Mais les arnaqueurs et les tricheurs sont aussi de la partie. Des scandales de matchs truqués ébranlent le circuit professionnel et, en 2021, la commission d’intégrité de l’e-sport bannit des compétitions trois joueurs pour des matchs arrangés. Sans compter que les dés peuvent également être pipés dans la sphère amateur. Piratages qui permettent de viser automatiquement, de voir à travers les murs ou d’aller plus vite… Depuis la création du jeu, les développeurs doivent s’adapter en permanence aux nouvelles ruses des tricheurs.
Course à l’armement
Ces dérives n’ont cependant jamais sérieusement menacé la pérennité de Counter-Strike. Car pour la licence, l’équation la plus difficile à résoudre est ailleurs : comment se moderniser sans chambouler l’expérience de jeu ? Tout changement radical remettrait en questions les heures ou les années d’entraînement des joueurs. « Vous ne pouvez pas instantanément mettre en ligne un nouveau jeu sans risquer d’atteindre l’intégrité du sport », déclarait en juin Shaun Clark, responsable Counter-Strike de l’Electronic Sports League (ESL), à propos de CS2.
C’est pourquoi Valve a surtout insisté sur le lifting visuel de ce nouveau volet, avec des couleurs moins ternes, de nouveaux éclairages, de textures plus détaillées ou une meilleure modélisation de la fumée… Les niveaux emblématiques, comme « Dust II » ou « Mirage », sont embellis mais ne changent pas ; modifier leurs agencements serait aussi perturbant pour un joueur que de déplacer les lignes ou les dimensions d’un terrain de football avant une nouvelle saison.
Un souci de fidélité qui a assuré la pérennité de la série, mais qui la rend aussi rigide. Il lui est difficile de s’adapter face aux innovations de ses rivaux, comme PUBG : Battleground (2017) et son addictif principe du « battle royale », dans lequel cent joueurs s’affrontent sur une île, ou le dynamisme de Valorant (2020), plus accessible pour les jeunes joueurs. En 2019, Minh Le confiait même avoir bridé sa créativité par crainte « d’offusquer la communauté ». Il a d’ailleurs quitté Valve en 2006 pour s’adonner à de nouveaux projets.

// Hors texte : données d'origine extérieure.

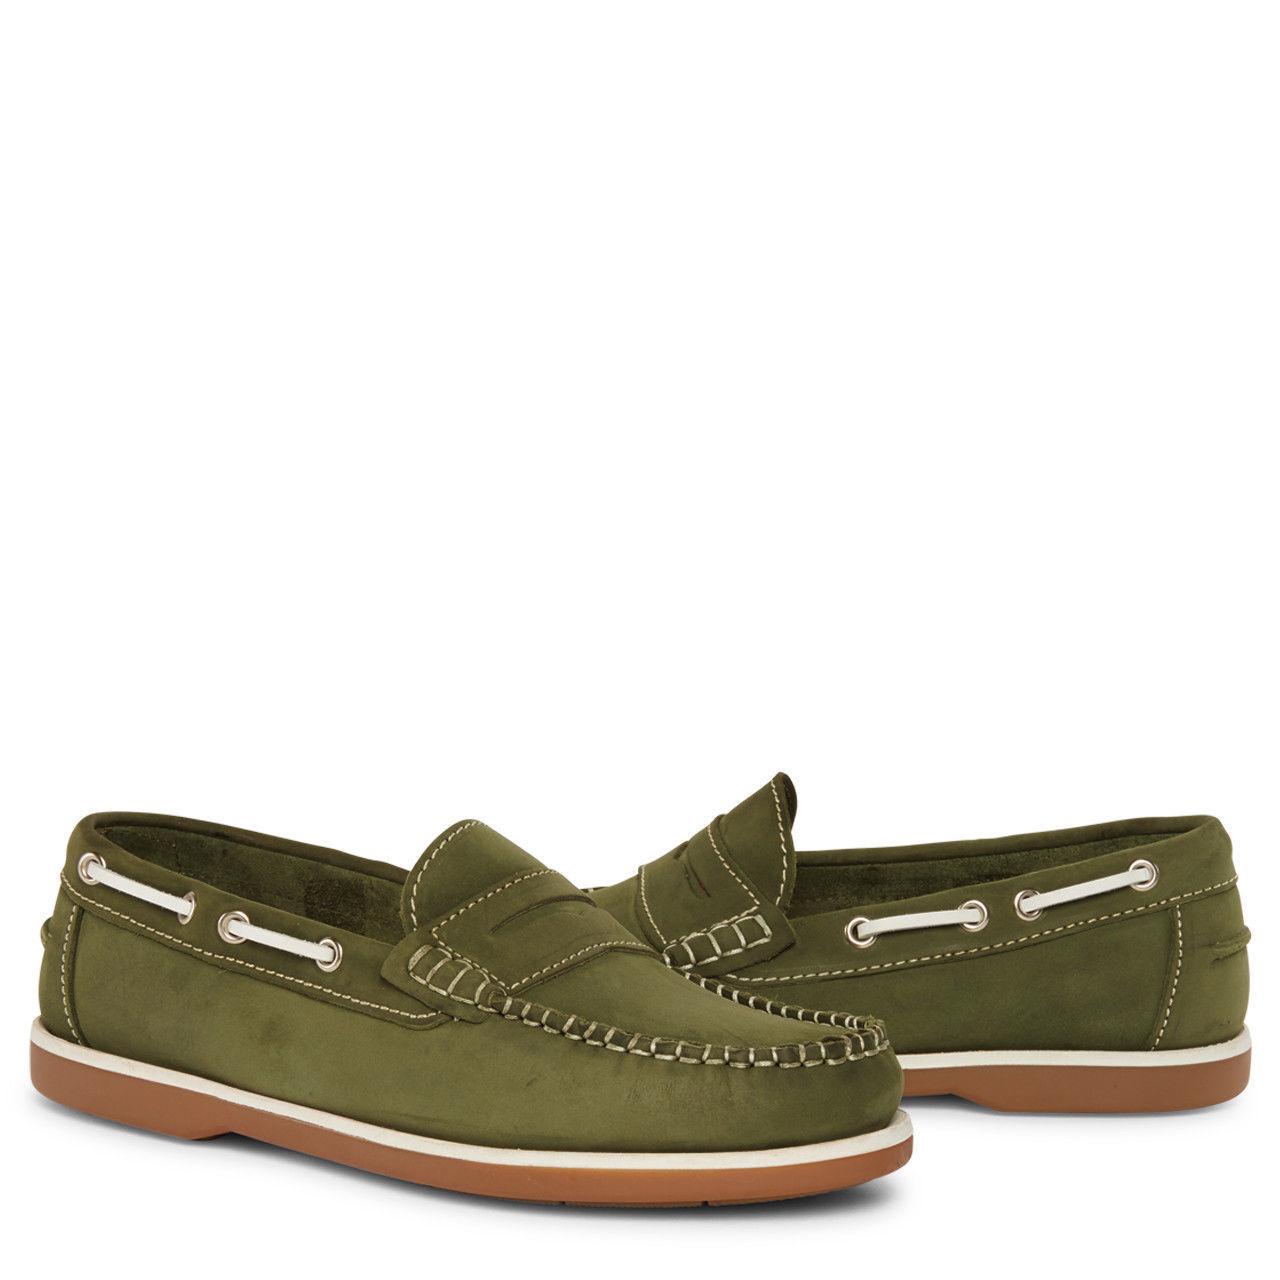 Kanyon Florencia Damas verde Informal Cuero Barco Cubierta Cubierta Cubierta Tallas de Zapatos 4-7 Reino Unido  centro comercial de moda

CS : GO a tout de même connu une transformation majeure, en 2013, avec l’introduction de la mécanique des skins (« peaux »). Sans impact sur la façon de jouer, ces objets cosmétiques virtuels – armes ou équipement d’apparences variées – peuvent être achetés ou revendus avec de l’argent réel. En plus des as de la gâchette, l’auguste jeu de tir attire désormais les collectionneurs et les spéculateurs ; certains objets s’échangent à prix d’or, comme l’édition la plus rare du fusil AWP Dragon Lore (plus de 400 000 dollars), ou la version dite « Blue Gem » du couteau Karambit (1,5 million de dollars). De coûteux équipements que les joueurs de CS : GO verront bien sûr basculer automatiquement vers CS2 : le tireur embusqué n’a pas pour mission de tuer la poule aux œufs d’or.